I mentioned a friend’s ninja doll project but forgot the URL ( ninja-dolls.com DUH), also posted the URL in the comments at the NH Media Makers blog.
As mentioned gingerly so as not to offend the nice people at Crackskulls, I am a HUGE fan of Dover’s newest coffee shop, Adelle’s. As we get more people at NH MM, we may run out of room at Crackskulls. I spoke briefly with one of the people who works at Adelle’s and it sounds like they might be interested in hosting an event like ours. I believe they have wifi there, and I’m working on getting them their own website so news/events can be posted there also. I’m really dying to try one of their bacon cheddar scones.
Day one was fraught with challenges, up to and including having trouble finding the venue.
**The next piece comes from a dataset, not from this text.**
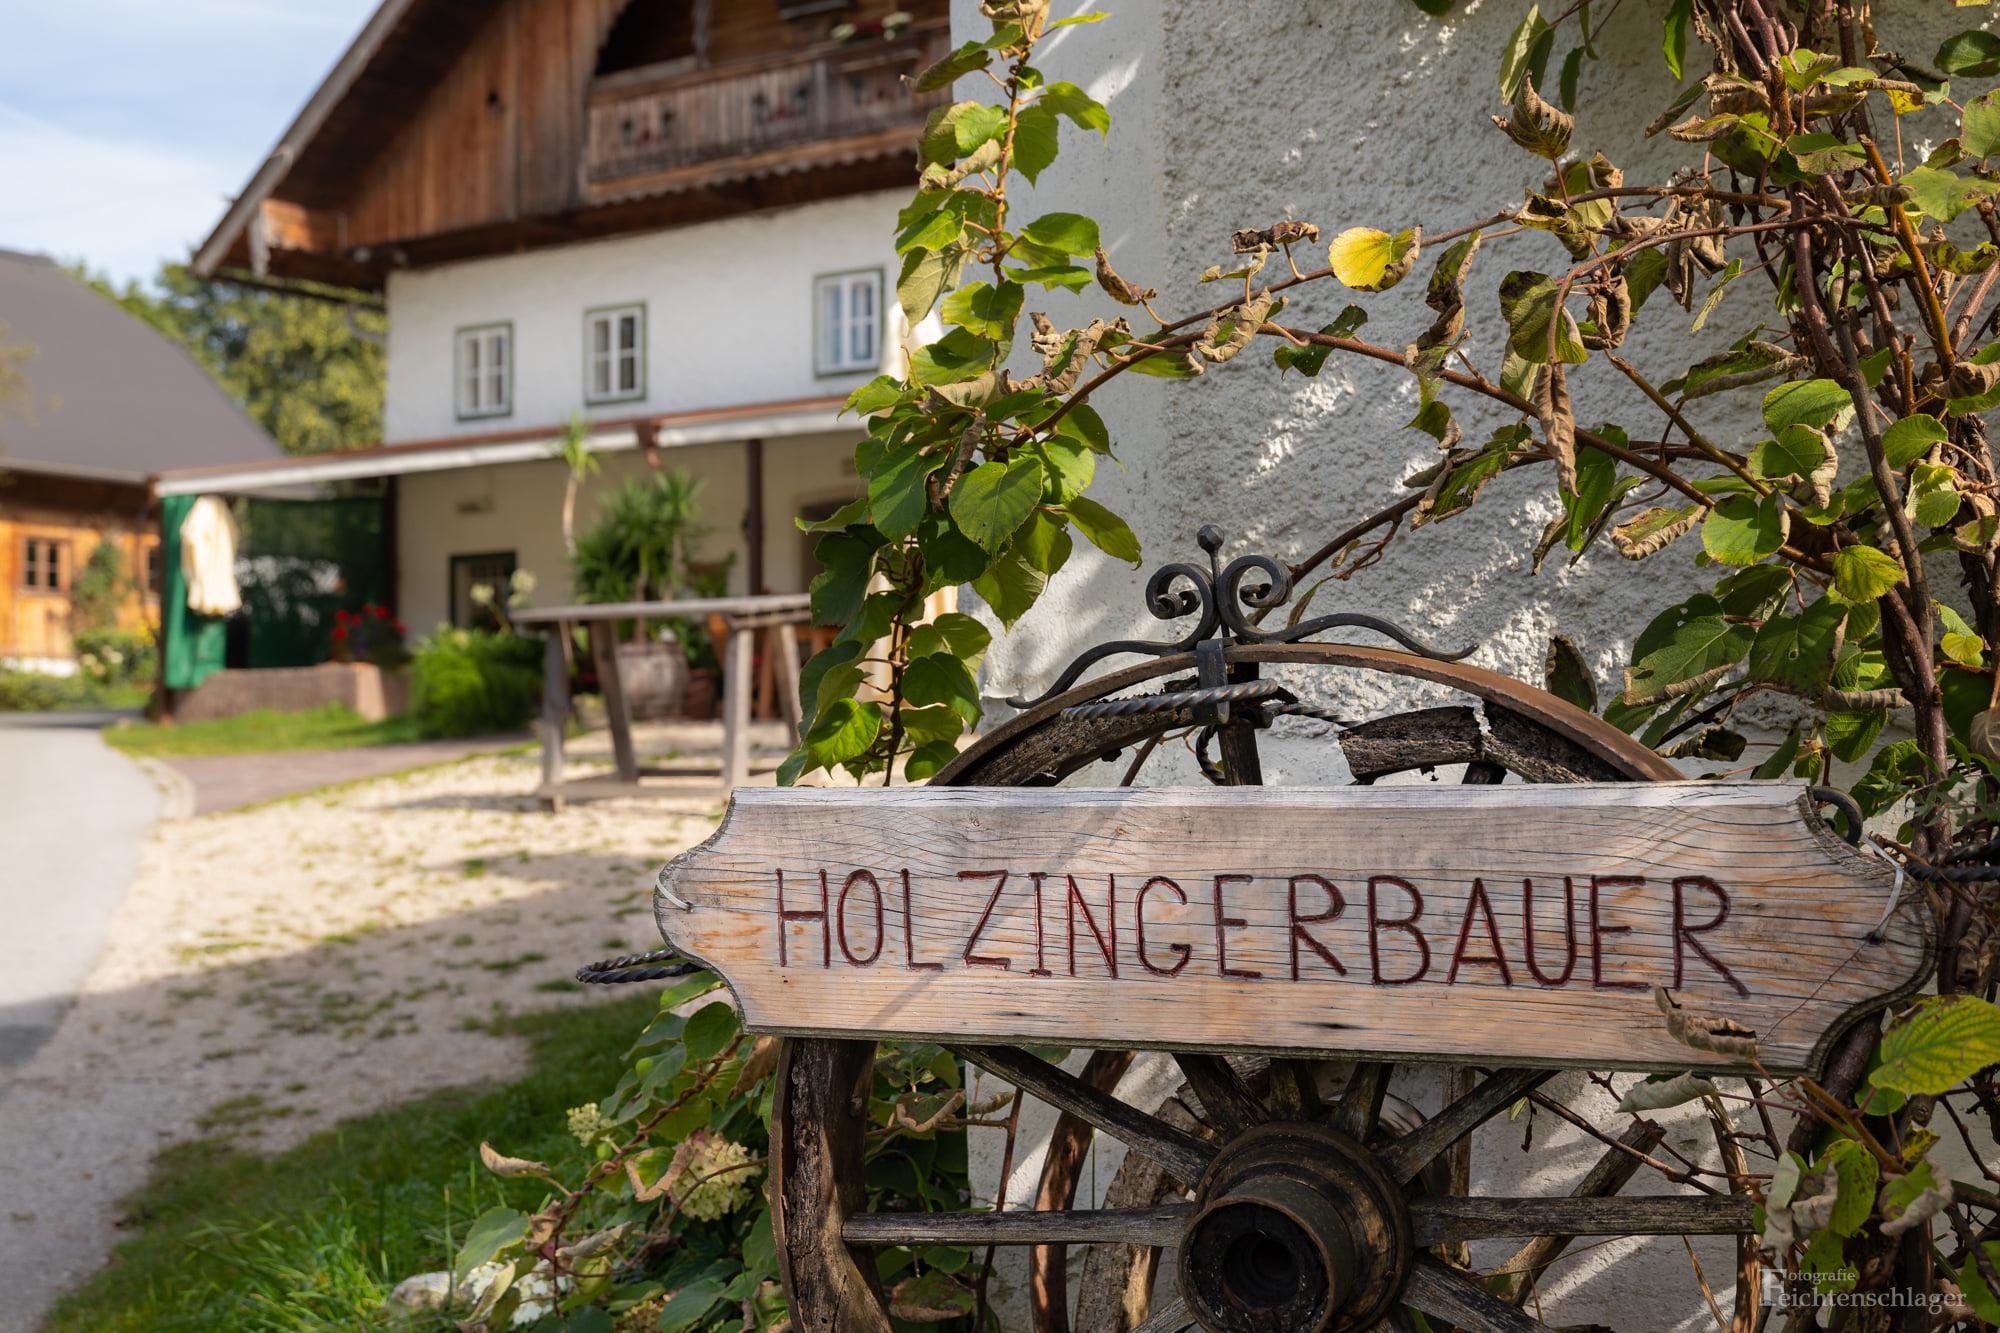 Beim Holzingerbauer
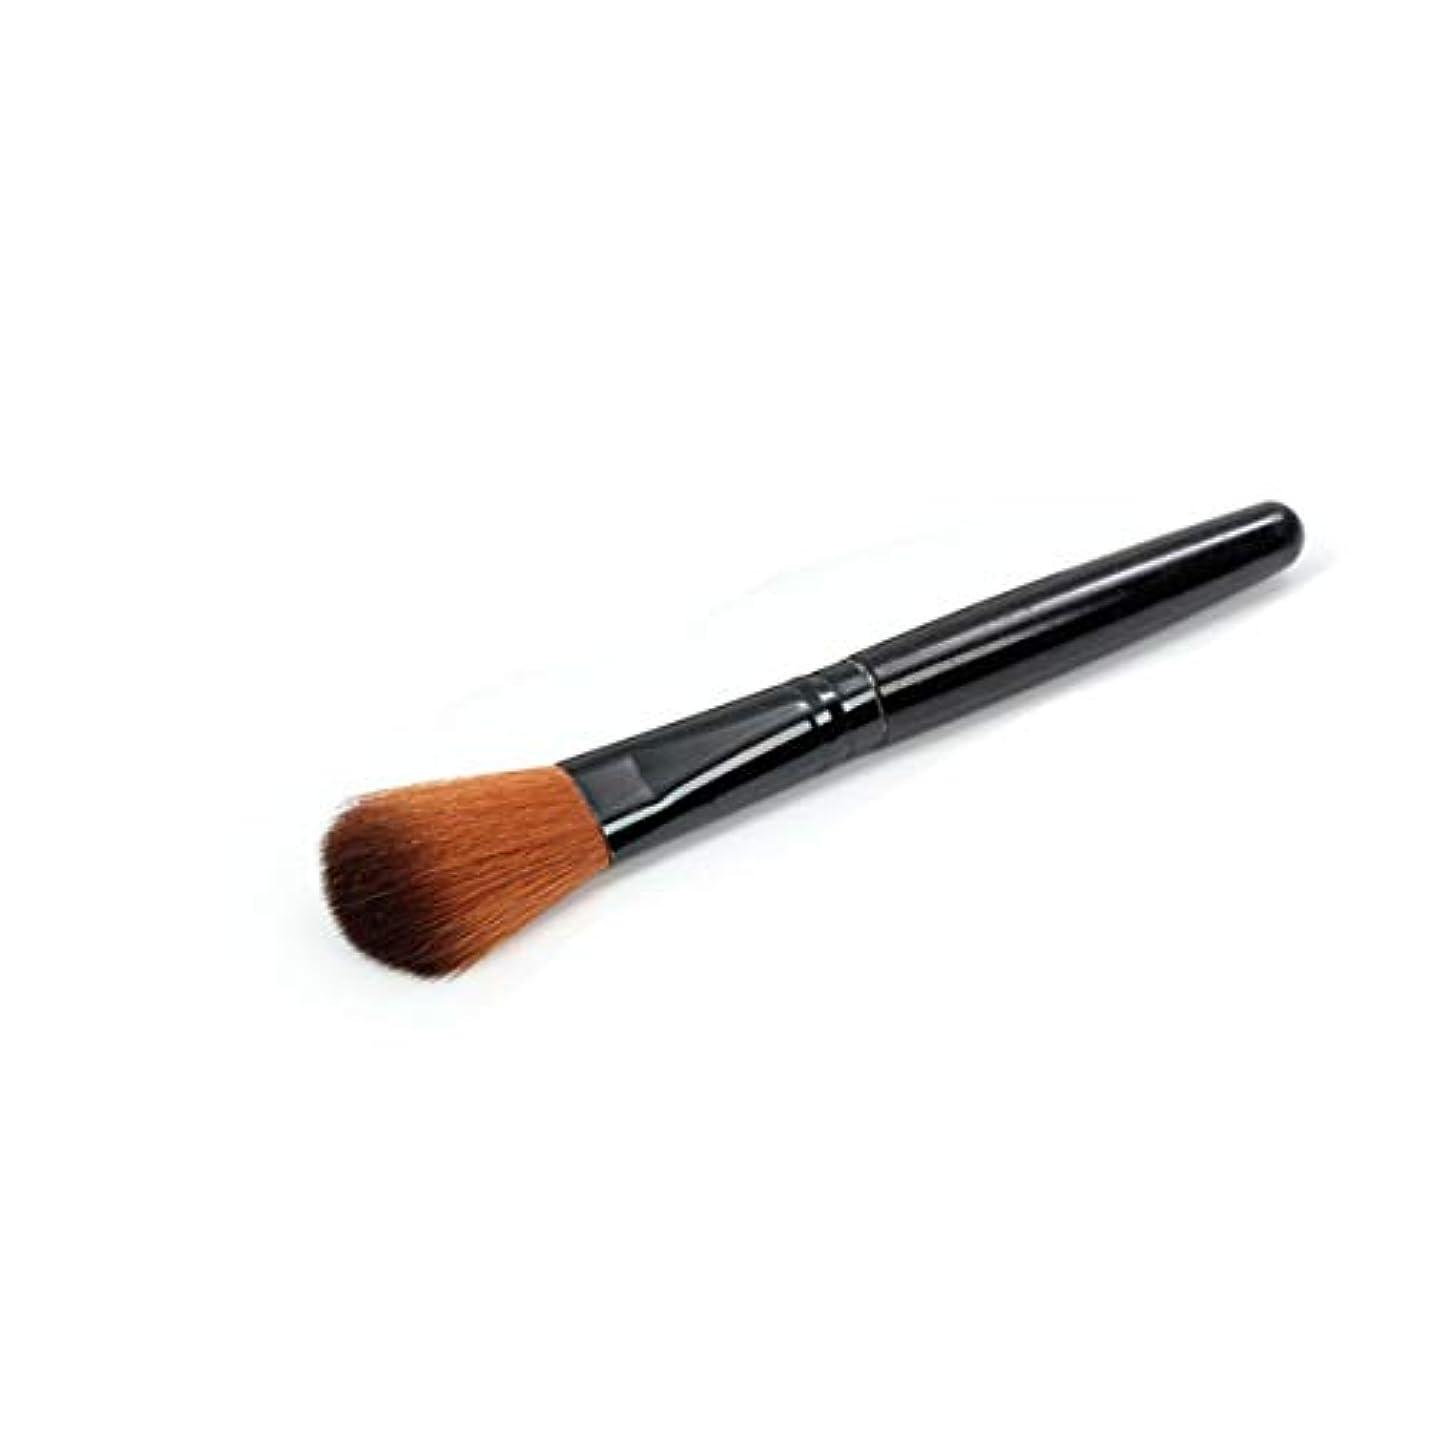 明快収入狭いIntercoreyの大きい粉のブラシの専門の粉の構造のブラシの単一のブラシの表面赤面の美は化粧品用具を構成します

It took a lot of wandering around, a phone call, and I think two concierge desk stops to finally figure out that the Copley Plaza Marriott was in fact through the Copley Plaza Westin and the attached mall. That said, on with the notes.
Missed over half of this session. :( I blame Mass traffic.
Hits on server vs. File size. The more hits to the server, the slower the load times. File size isn’t nearly as much of an issue.
IE(6) does not cache 2nd tier stylesheets. (stylesheets linked from within other stylesheets)
IE6 wants nothing to do with your fancy link styling. Don’t rely on it to convey critical information if you think you’ll have a significant amount of IE6 visitors. (Know your audience!)
Mobile phones probably can’t handle your stylesheet (iPhone notably excepted from this guideline).
create a grid or layout background to use for debugging.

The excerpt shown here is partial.